■ **Problem statement**:
A verbatim transcript of the data that follows, free of images, is the expected result.

■ **Material provided**:
========================================================================

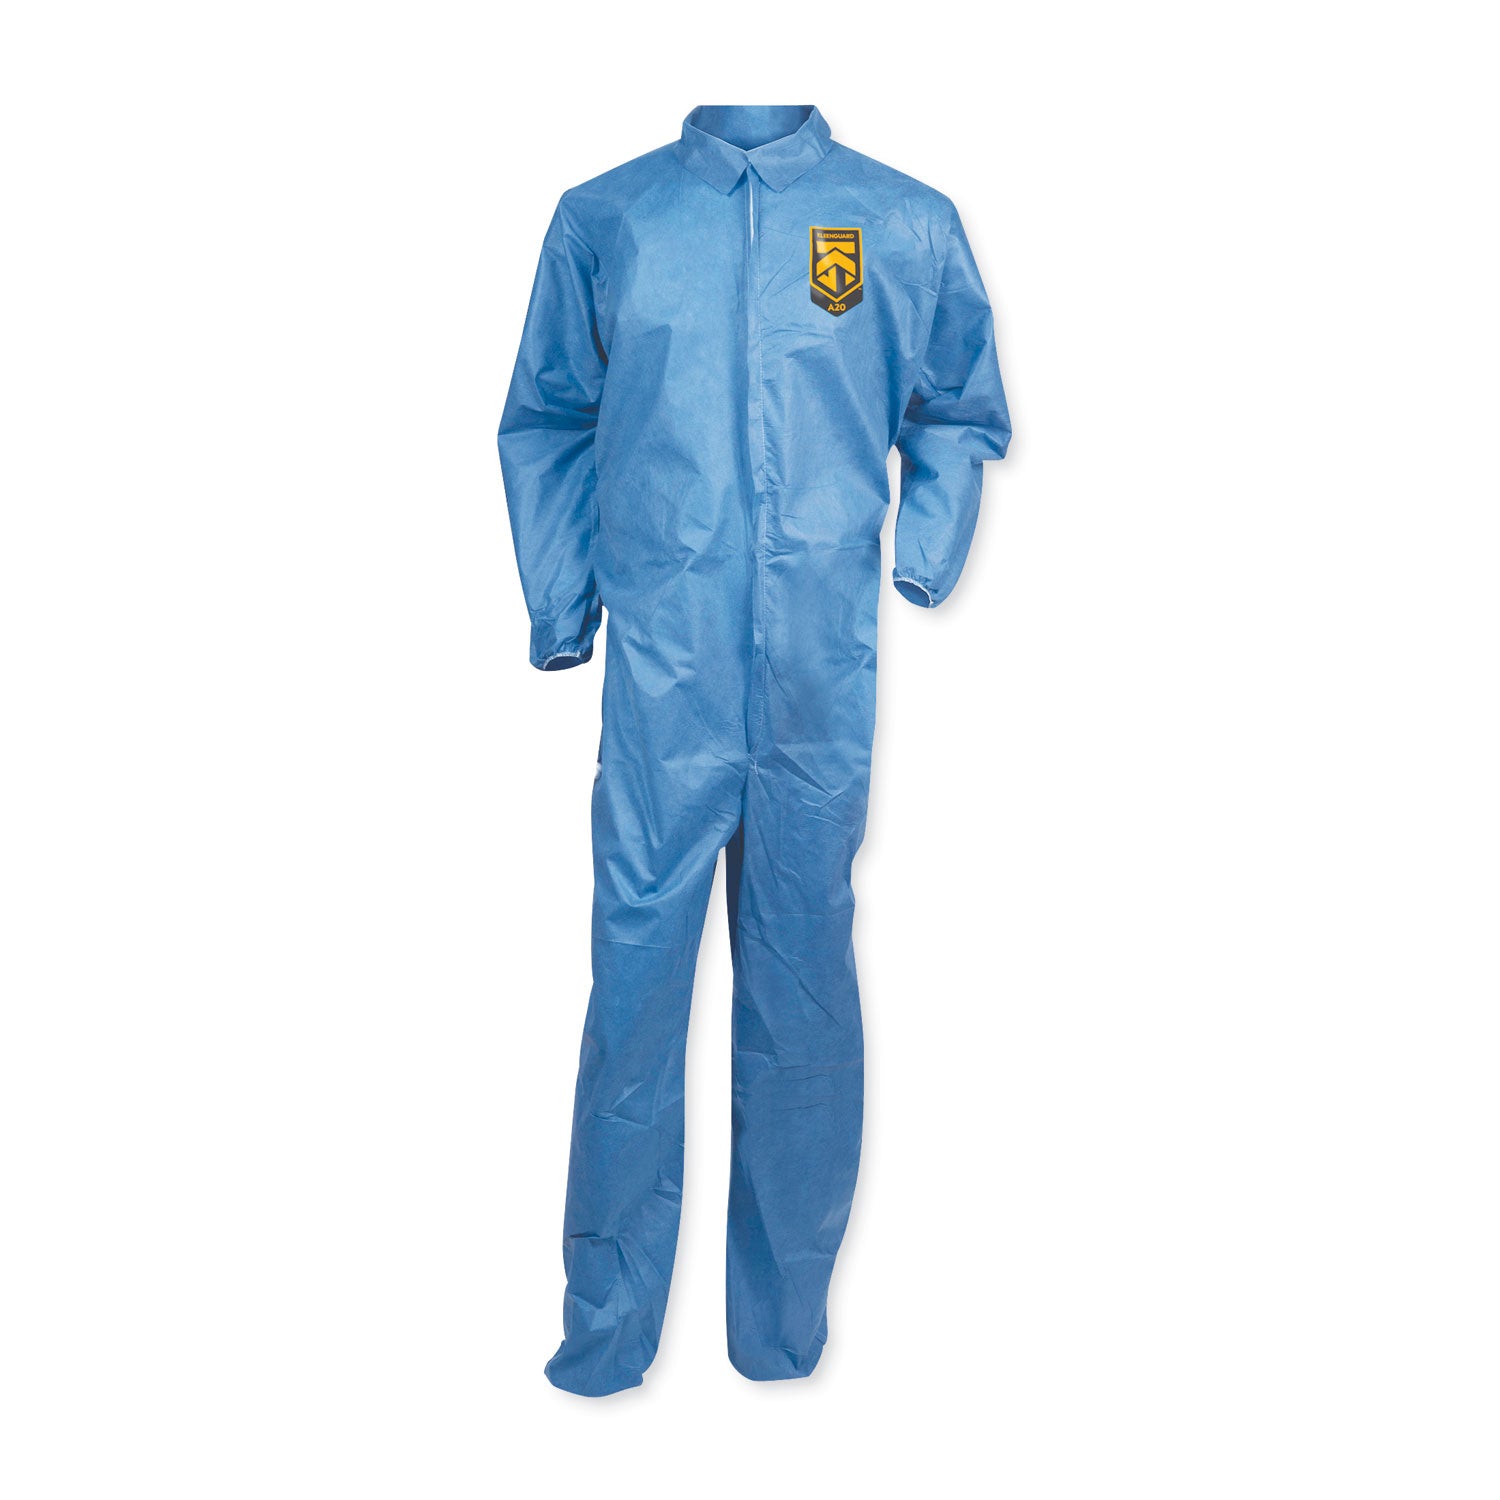 A20 Coveralls, MICROFORCE Barrier SMS Fabric, 2X-Large, Blue, 24/Carton - 
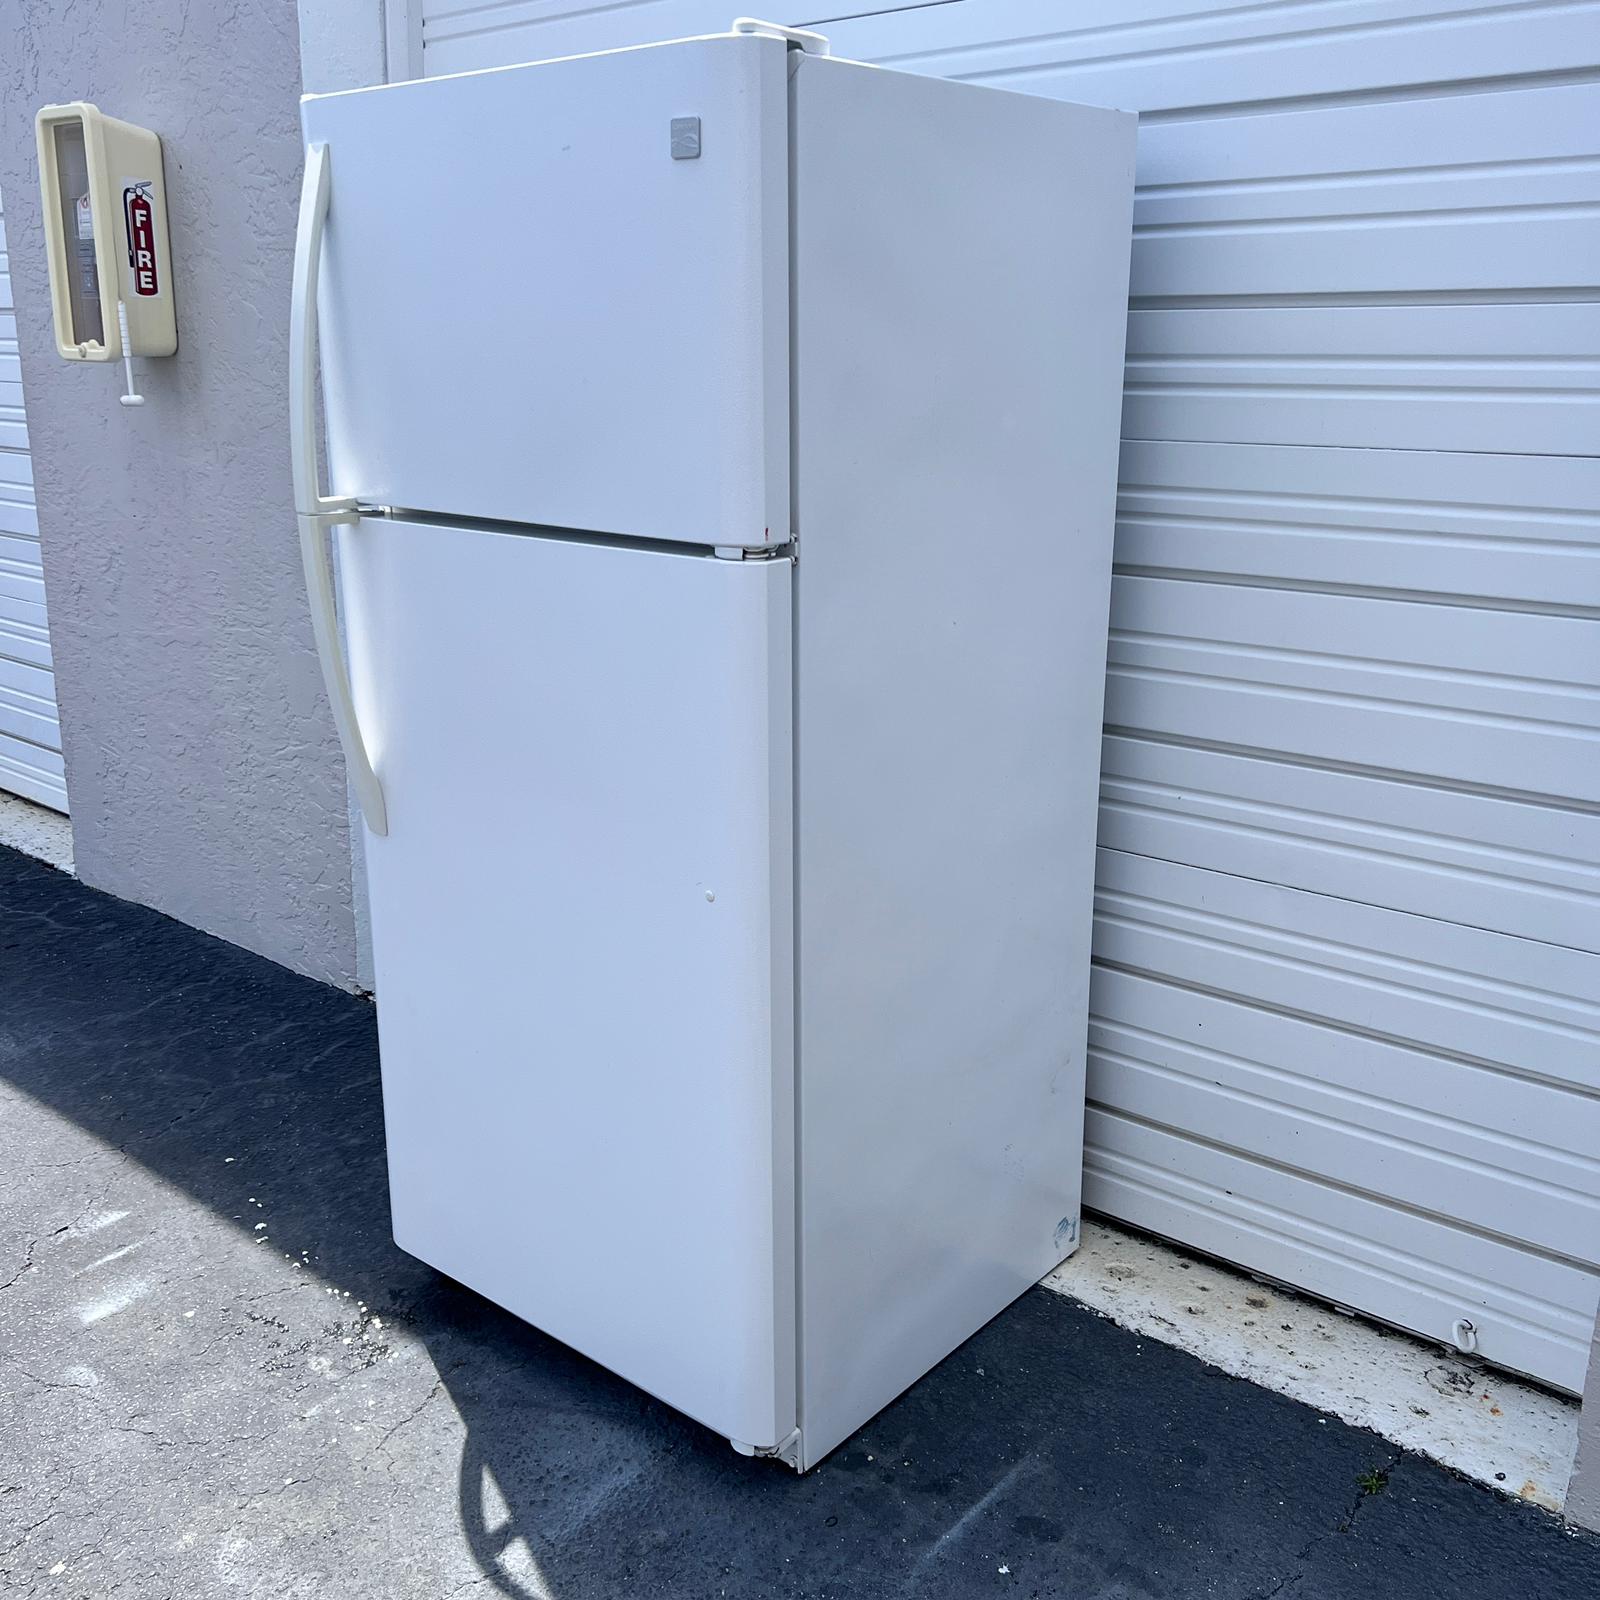 Kenmore Top and Bottom Refrigerator with Ice Maker
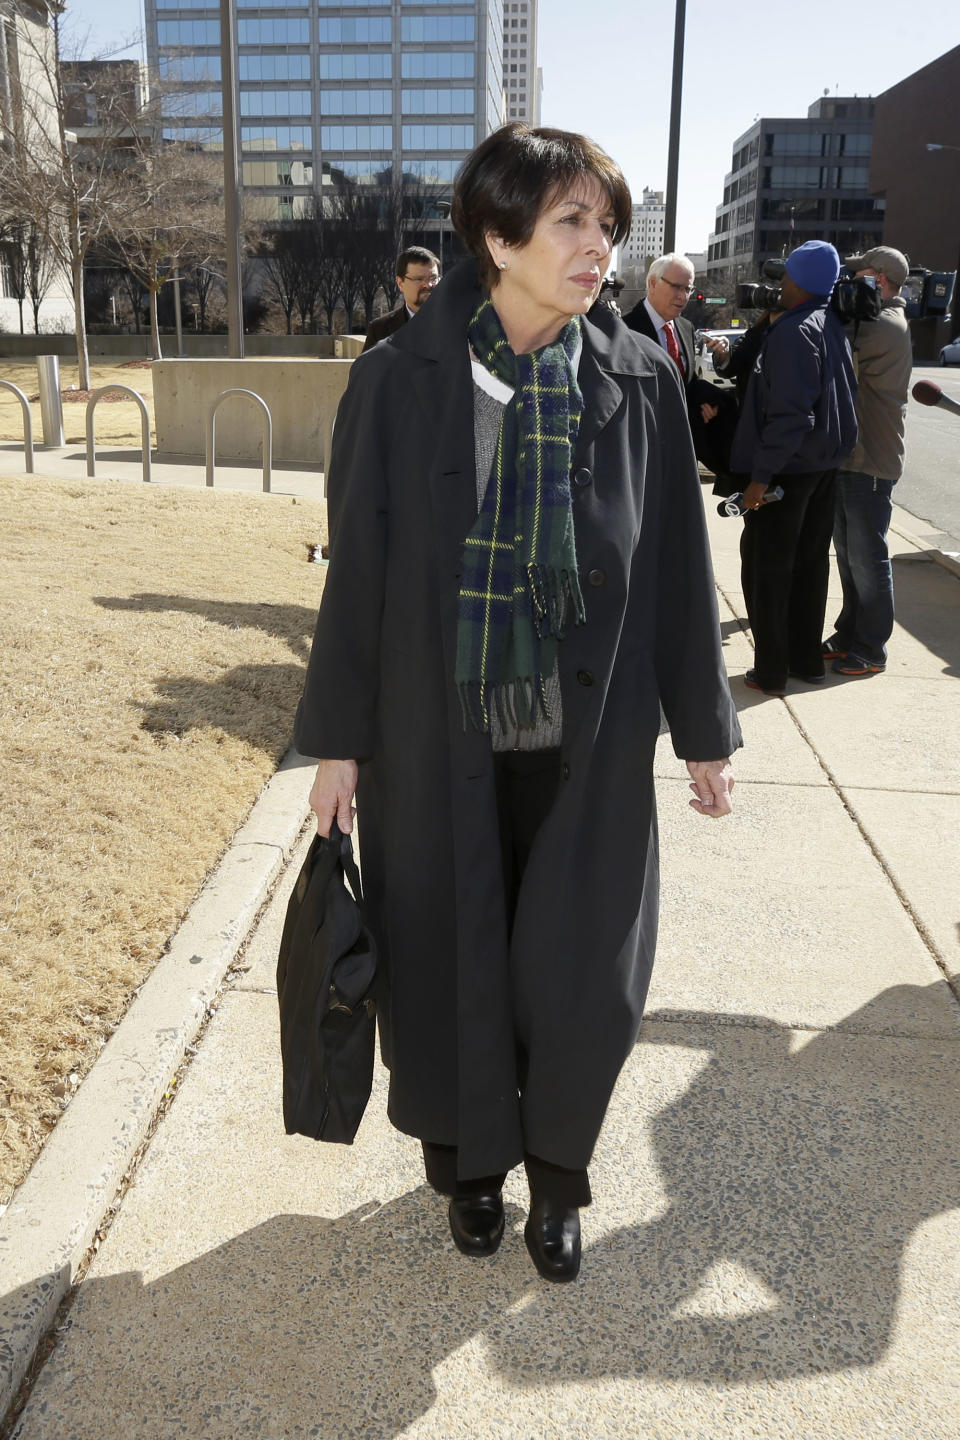 Former Arkansas treasurer Martha Shoffner walks from the federal courthouse in Little Rock, Ark., after she pleaded not guilty to mail fraud charges that allege she misspent thousands of dollars in campaign money on personal items.Thursday, Feb. 27, 2014. (AP Photo/Danny Johnston)
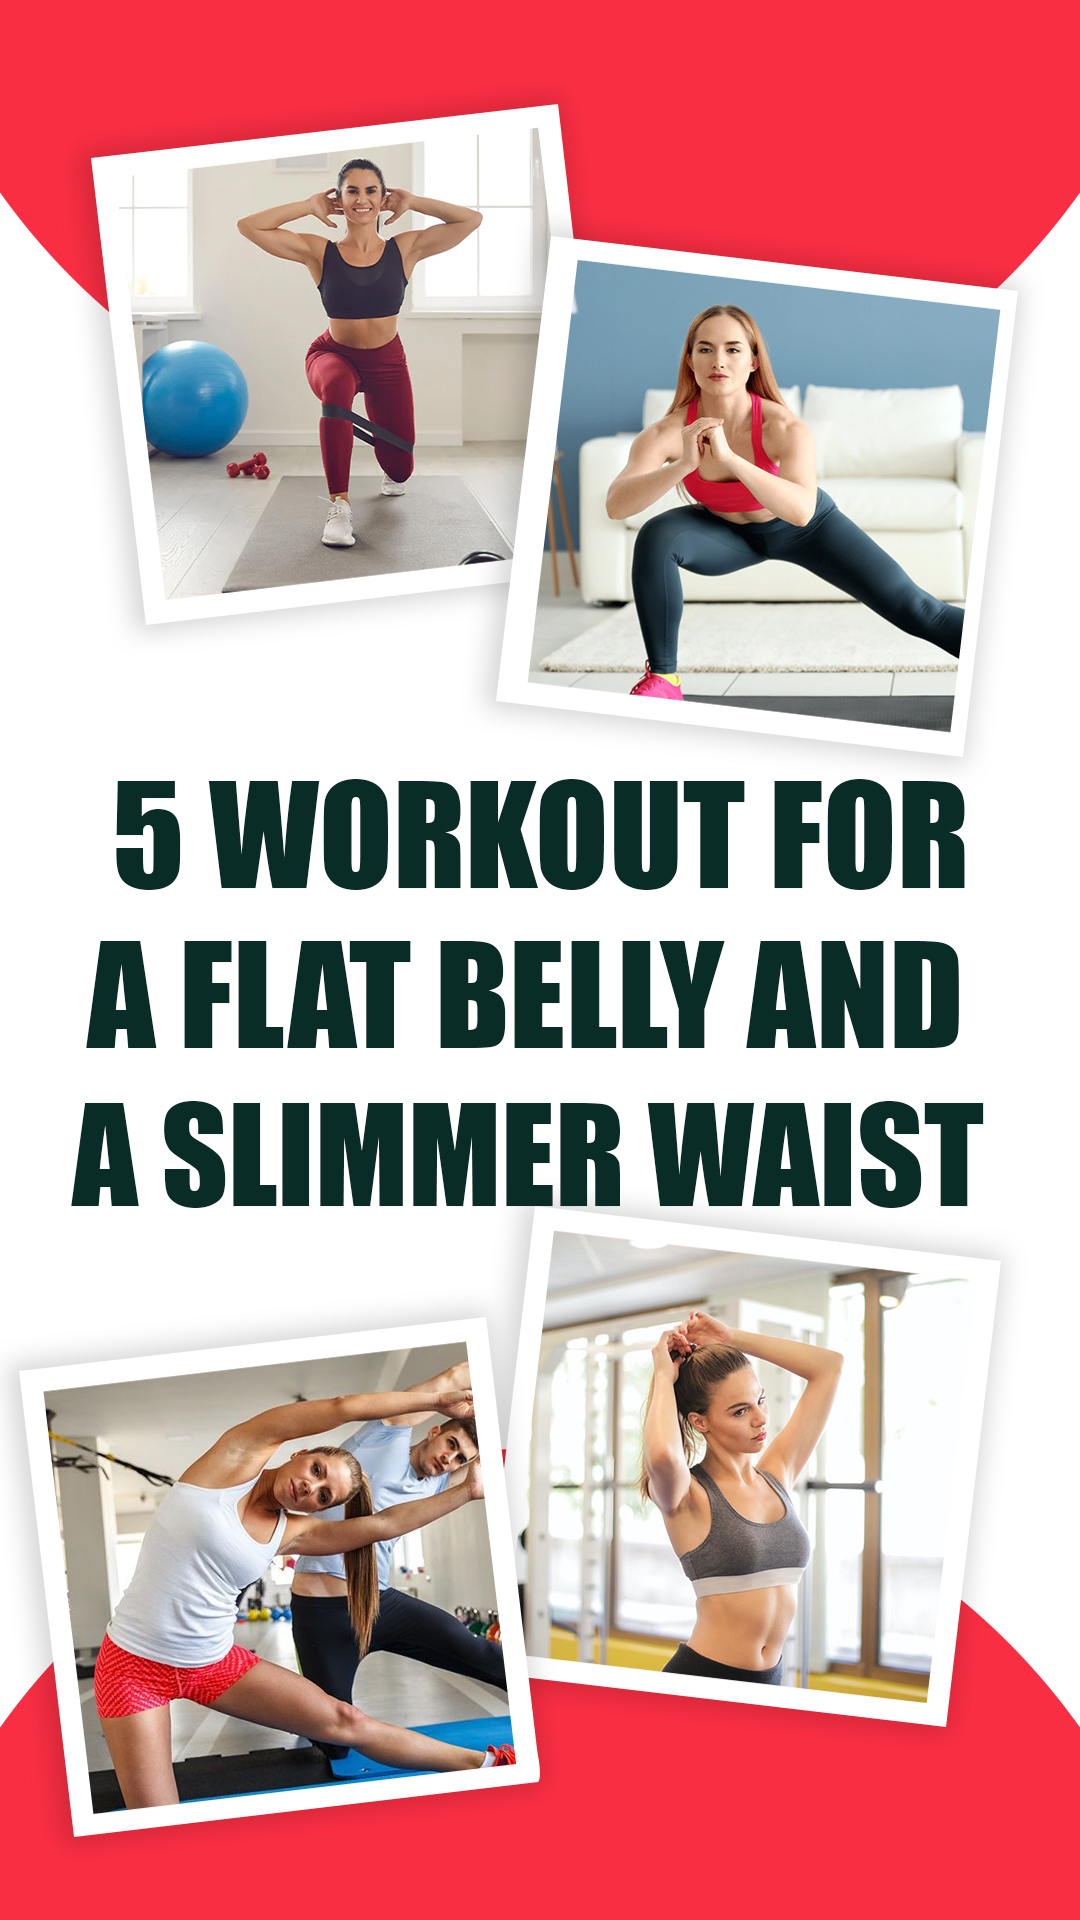 Belly Fat Exercise- 5 Workouts For A Flat Stomach And A Slimmer Waist

========================================================================

■ **Response box**:
 A20 Coveralls, MICROFORCE Barrier SMS Fabric, 2X-Large, Blue, 24/Carton - 
 Kenmore Top and Bottom Refrigerator with Ice Maker
 Former Arkansas treasurer Martha Shoffner walks from the federal courthouse in Little Rock, Ark., after she pleaded not guilty to mail fraud charges that allege she misspent thousands of dollars in campaign money on personal items.Thursday, Feb. 27, 2014. (AP Photo/Danny Johnston)
 Belly Fat Exercise- 5 Workouts For A Flat Stomach And A Slimmer Waist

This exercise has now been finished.